The 72-day long face-off between Chinese and Indian border personnel in the Doklam plateau of Bhutan was quietly, albeit opaquely, resolved on August 28, with New Delhi and Beijing arriving at a low-key modus-vivendi. The original trigger for this tense face-off was the road construction activity of the PLA (Peoples Liberation Army) in an area deemed to be disputed between Bhutan and China. Since Thimphu was unable to prevail upon Beijing to desist, India, as per its treaty obligations with Bhutan and related security concerns apropos the Siliguri corridor, moved its troops to buttress the Thimphu claim.
To the credit of negotiators from all sides, the Doklam face-off has been resolved for now, with Chinese road construction equipment being moved away and Indian troops withdrawing in a mutually agreed manner.
Bhutan, the directly affected party, has welcomed this diplomatic closure to what could have been a costly conclusion, had it escalated to a military skirmish or limited exchange of ordnance. PM Narendra Modi is also preparing for the BRICS Summit to be hosted by President Xi Jinping in Xiamen (from September 3-5) and this is a positive signal.
What made the two sides ‘disengage’ from Doklam, given that over the last three months both had adopted a tough stand, wherein any kind of accommodation looked difficult? A combination of reasons may be advanced, but keeping the diplomatic window open, despite the shrill and fiercely nationalistic claims and allegations that emanated from Beijing (not all of it from ‘official’ China) was a critical factor.
Doklam was distinctive, for it involved a third nation—Bhutan—and hence different from earlier purely bilateral ‘incidents’, such as Depsang (April 2013), between China and India. An angry Chinese dragon swatting a tiny, gentle lamb like Bhutan had severe perception connotations that Beijing could hardly ignore.
Among the many factors that enabled the mutual disengagement are a degree of political prudence and perspicacity on both sides, wherein the big picture of what is at stake for the two Asian giants over the next decades trumped more emotive tactical compulsions. Outlets such as the Global Times in China and their TV counterparts in India were baying for blood. A recall of the October 1962 war in some Chinese platforms was unfortunate and social media attempts to ridicule the Indian turban were clumsy.
In the trijunction, tactical and terrain advantage lay with the Indian Army. And China could not be seen as bullying tiny Bhutan too.

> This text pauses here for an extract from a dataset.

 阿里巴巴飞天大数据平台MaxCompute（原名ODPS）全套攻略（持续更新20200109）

Indian resolve and restraint were on display from end June and it is understood that a considerable amount of quiet diplomacy was at play, involving the PMO, MEA and the Army, so that the appropriate signals and messages were conveyed to Beijing. From a purely military perspective, it was evident that the Doklam region and the tri-junction between China, Bhutan and India did not favour the PLA and the tactical/terrain advantage lay with the Indian Army. Thus any imprudent action by China would have led to a high-visibility setback that would have been politically suicidal for President Xi.
The fact that China is hosting the BRICS summit in early September and that the 19th Party Congress will be held later in the year means this is a high-stakes period for the credibility and future of President Xi. Any discord with India that had an unpredictable military escalation index would have been a serious setback when Beijing has its hand more than full with the North Korean imbroglio and a simmering uncertainty with US President Donald Trump. And a cautiously assertive Japan that did not hesitate to support the Indian position on Doklam only compounded the situation for China.

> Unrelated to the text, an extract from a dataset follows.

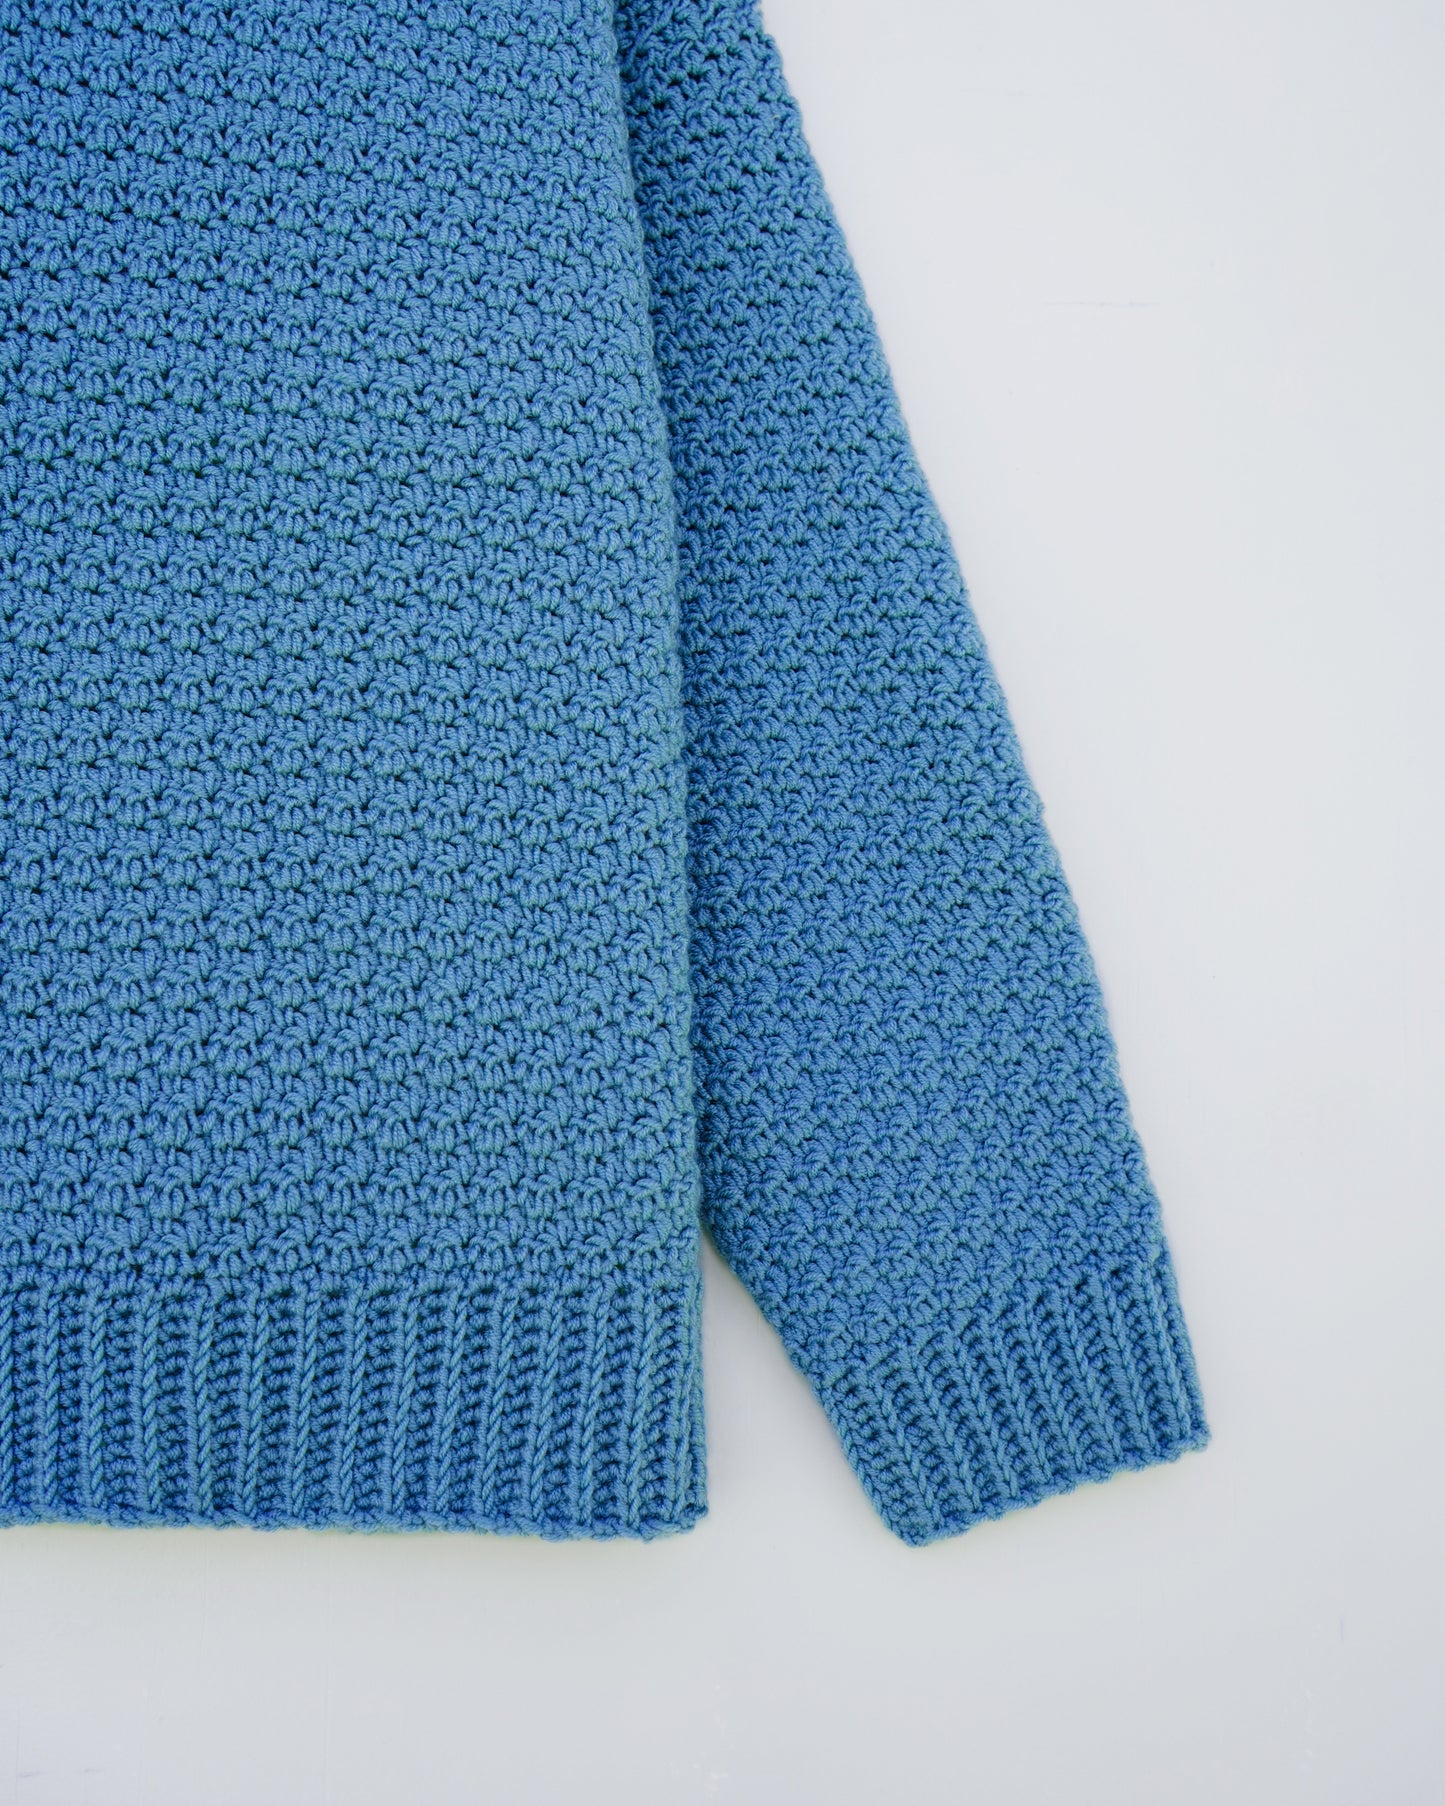 Kids' Sweater No.5 | Easy crochet sweater

Against this backdrop, the Indian signal that a modus vivendi could be arrived at, wherein neither side would ‘lose face’ and yet claim that their stand had been vindicated was an adroit move. To assuage domestic sensitivities, neither New Delhi nor Beijing challenged or questioned the ‘narrative’ of the ‘other’—reiterating the conflict resolution adage that some gains are better realised through opacity and silence!
THE WAY AHEAD
Doklam, to my mind, will be the new normal as far as India-China bilateral ties are concerned and though hopefully it will remain a stand-alone incident, the reality is that their complex territorial cum border dispute remains trapped in much the same unresolved and bitterly contested contour that was discernible in October 1962.
The Doklam experience will be the filter through which both India and China will manage their engagement of the nearly 4,000 km long LoAC (line of actual control), from the western sector proximate to Pakistan, through the central to the eastern sector that includes Arunachal Pradesh and Tawang.
It may be averred that the PLA will be internalising the lessons learnt from Doklam and like any professional military—they will be determined not to be caught in a similar disadvantageous situation. The LoAC is varied in its topography and terrain and both armies have an acute appreciation of sectors where the tactical challenge/threat varies from low to high.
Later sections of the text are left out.